By my unscientific count, more words have been written about George Orwell than any other writer in the English language besides Dickens and Shakespeare. But since the flow of publications about Orwell continues unabated, it may only be a matter of time before he overtakes both. To date, there are at least five biographies—although Orwell requested that none should be written—as well as memoirs, letters, essays, and academic studies. There is much more to come. D. J. Taylor, the author of Orwell: The Life, which won the Whitbread prize for biography in 2003 and is rightly regarded as the best of the bunch, has been commissioned by Constable to write what is described as a “completely fresh” second biography to appear in 2023. The publisher, one of several who plan to take advantage of the ending of copyright protection on Orwell’s published writings on January 1 this year, also plans to bring out new editions of Orwell’s five novels in the coming months.

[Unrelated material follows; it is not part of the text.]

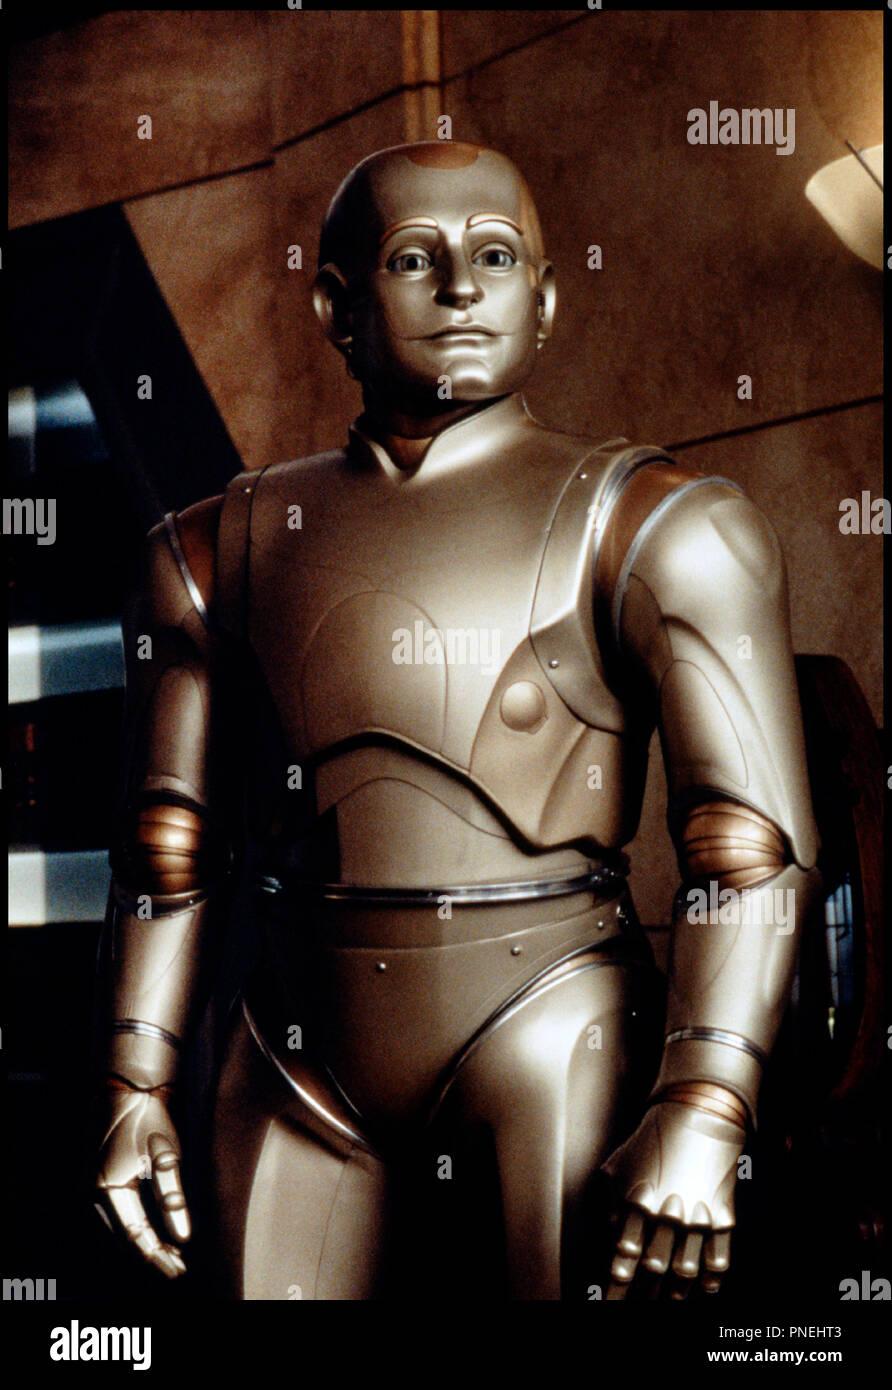 Prod DB © Columbia / DR L'HOMME BICENTENAIRE (BICENTENNIAL MAN) de Chris Columbus 1999 USA avec Robin Williams robot, androïde d'après le roman de Isaac Asimov et Robert Silverberg - Stock Image
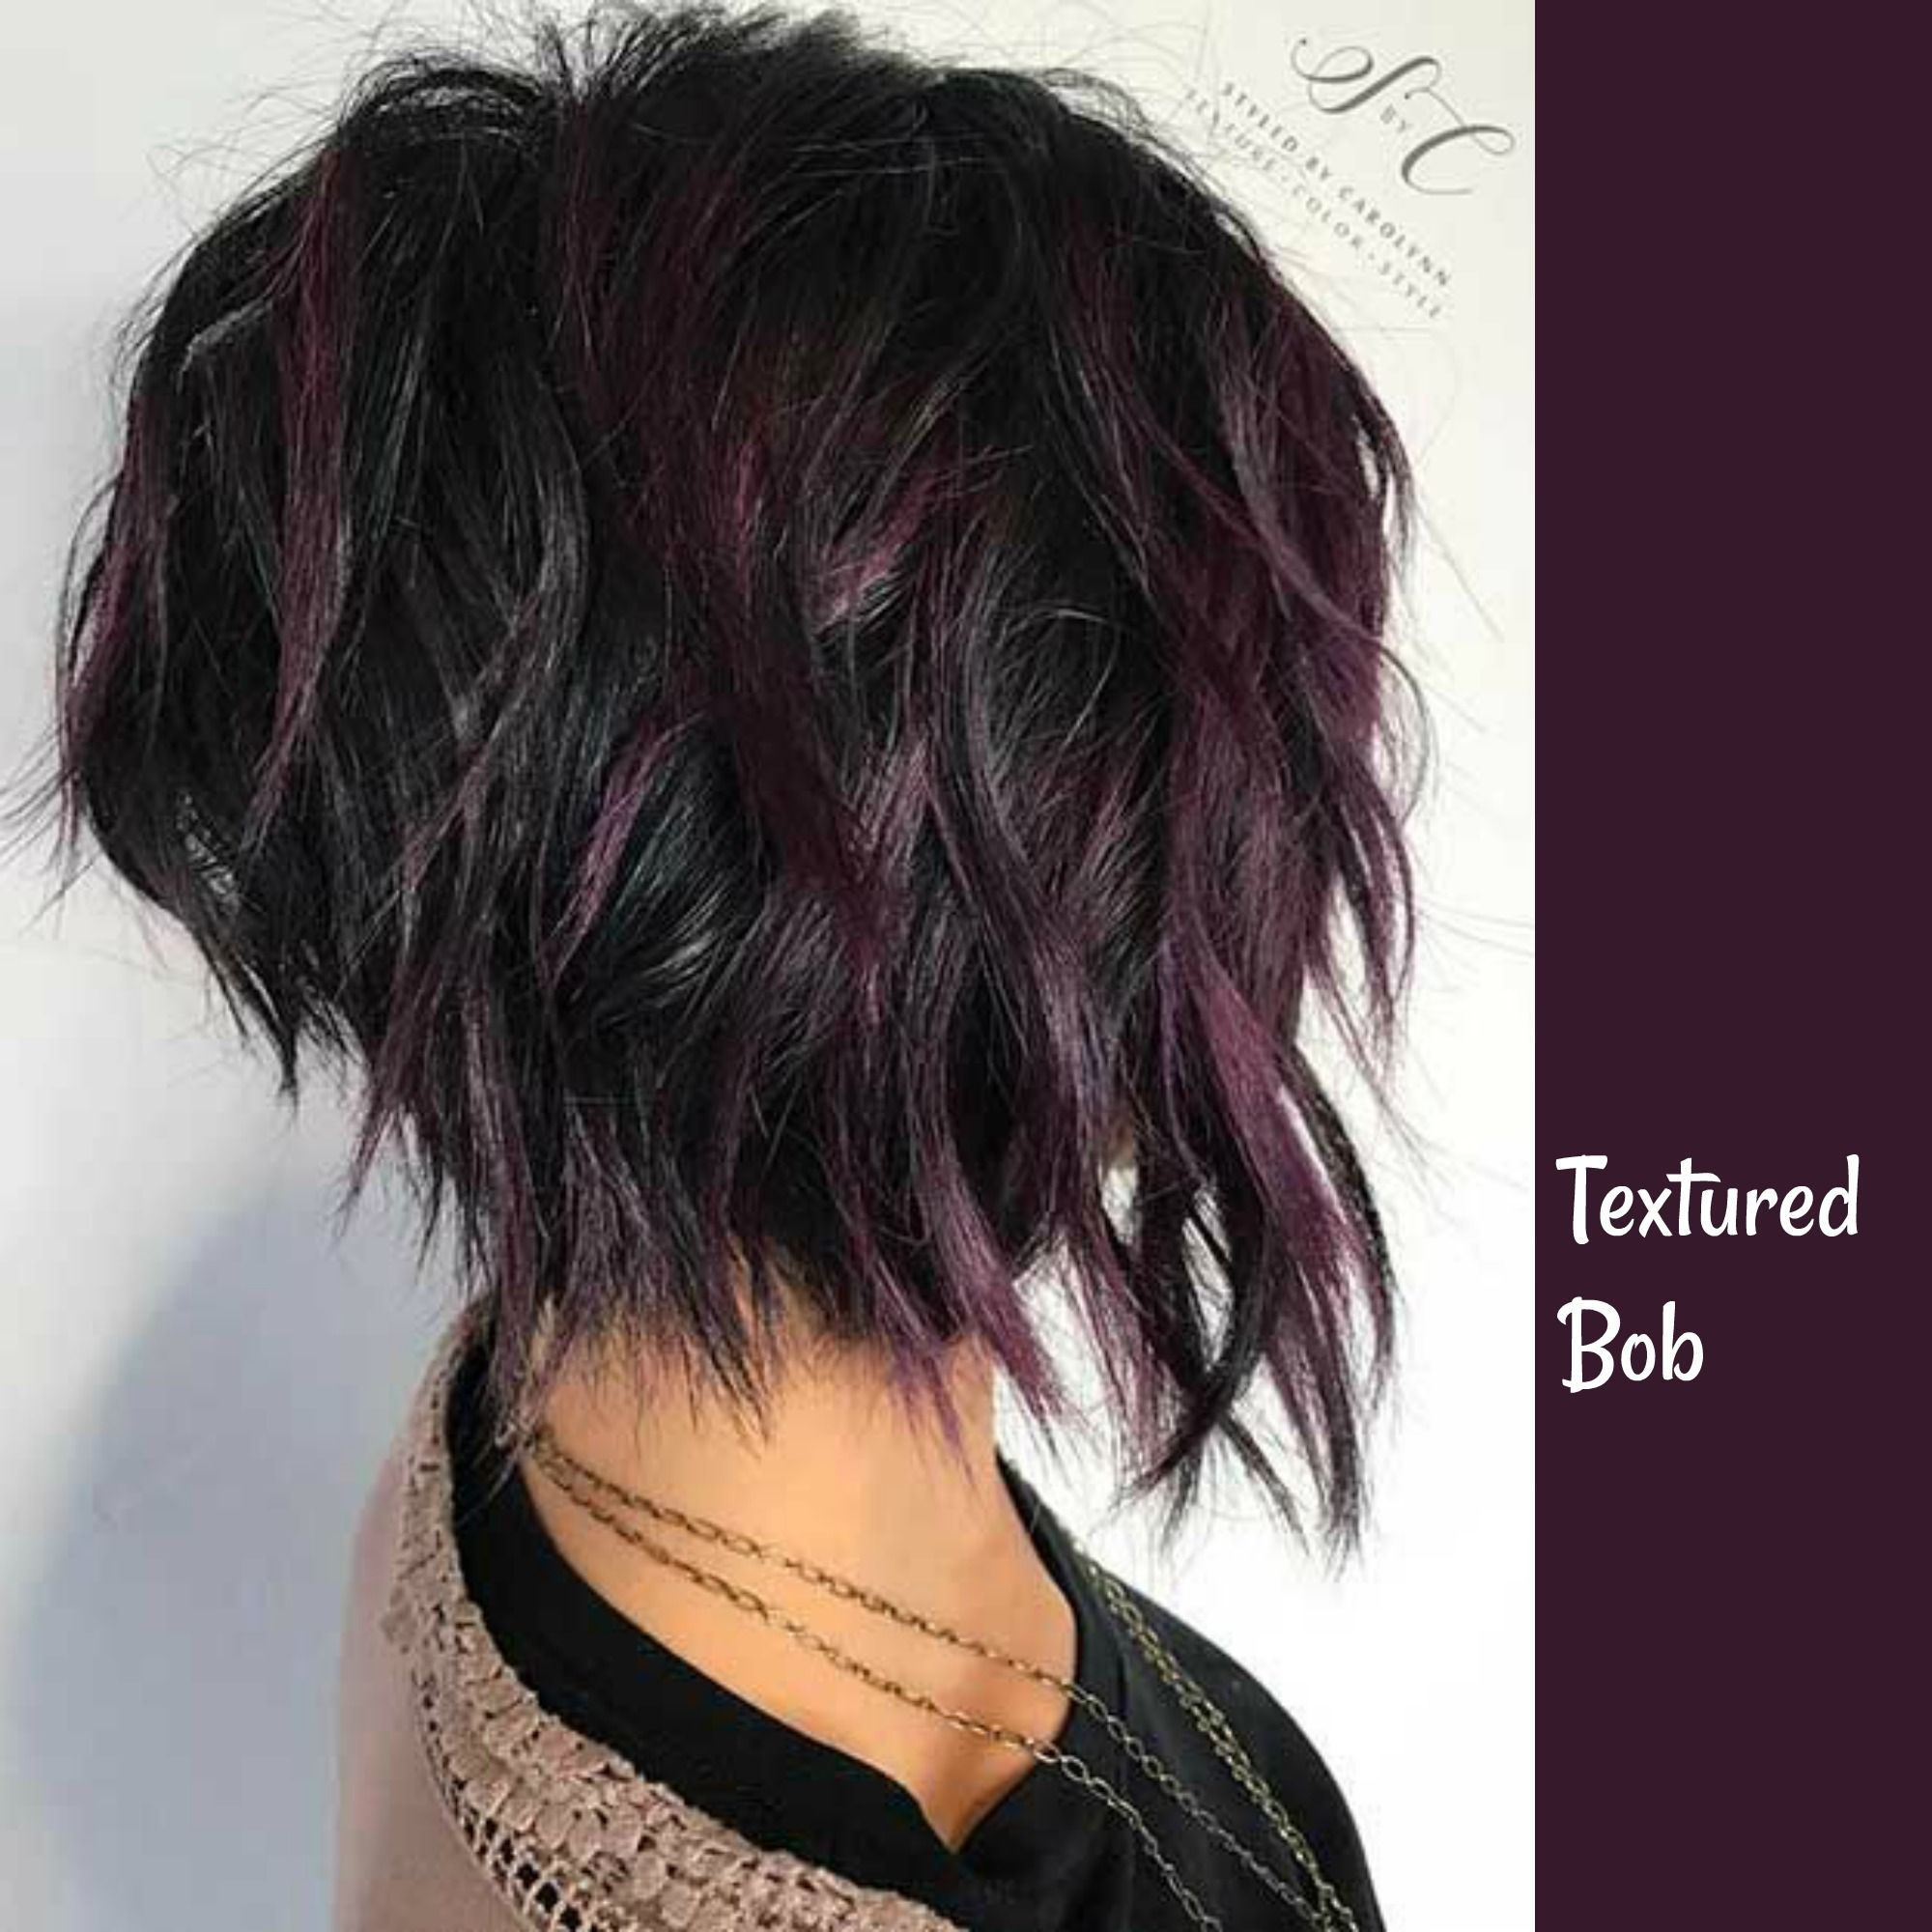 Textured bob with purple highlights on dark hair hair pinterest

How to account for the enduring interest in Orwell’s life and work? Quite obviously, part of the explanation is that, quite rarely, he has admirers on both the right and left of the political spectrum and that he wrote two of the most influential novels of the twentieth century, containing words and phrases—“Big Brother,” “Newspeak,” “Doublethink,” “Memory hole,” etc.—that have entered the political lexicon, reflecting and shaping the anxieties and fears of his own and subsequent generations. But I do not think this gets to the heart of the matter. Nor does Orwell’s own estimation of his strengths—which he described as the capacity to write clearly combined with an unusual ability to face up to unpalatable truths—provide a satisfactory explanation. There is no doubting the clarity and vigor of his prose, but when it comes to assessing his capacity to face up to grim truths, there is good reason to doubt Orwell’s claims to his having looked reality unflinchingly in the eye and told it like it was. Orwell’s friend Malcolm Muggeridge believed that while Orwell displayed “an almost painful honesty,” his grasp of what was going on in the world was often more than a little tenuous.

How to account for the enduring interest in Orwell’s life and work?

It is the contradictions in Orwell’s character that provide the key to understanding the enduring fascination with his thought and work. His personality was too modest and austere to assert, as Walt Whitman did, “Do I contradict myself?/ Very well then I contradict myself,/ (I am large, I contain multitudes).” But the contradictions abound, confirming Muggeridge’s view that Orwell was not the unblinkered and straight-thinking observer he believed himself to be. Despite his strong moral sense, these contradictions also imply a degree of moral obtuseness and even confusion, and it is these which in large part explain our fascination with him.

The contradictions have frequently been noted: he was a socialist intellectual whose finest achievements included a mordant critique of the hypocrisy and double standards displayed by the socialist intellectuals of his day; a patriot who held most of his country’s institutions in contempt; a passionate defender of historical truth who chose to write under an assumed name and who occasionally told lies; a self-styled champion of decency who backed causes that, had they prevailed, would have produced outcomes in which decency would have been difficult to discern; an atheist who decreed that his funeral should be conducted by the Church of England and that he should be buried in a rural parish churchyard. It is often the contradictions in an individual’s character that give it distinction; in the case of Orwell, these were more marked and more numerous than in most, but it is not clear whether he was even aware of them. Yet it is these which explain why he is claimed by those on opposing sides—by socialists and libertarians, by conservatives as well as radicals, by patriots and internationally minded progressives. In a sense, he is up for grabs. All sorts of people can identify with him and claim him—or almost claim him—for their own and are keen, even desperate, to do so. The “almost” is important: many of his admirers feel that if only he had fully grasped the implications of the part of his work of which they happen to approve there would be no doubt about the matter. Admirers, including this one, are eager to read the latest interpretation of his thought in the forlorn hope that this will confirm that he really would have been on their side; it is a difficult habit to kick.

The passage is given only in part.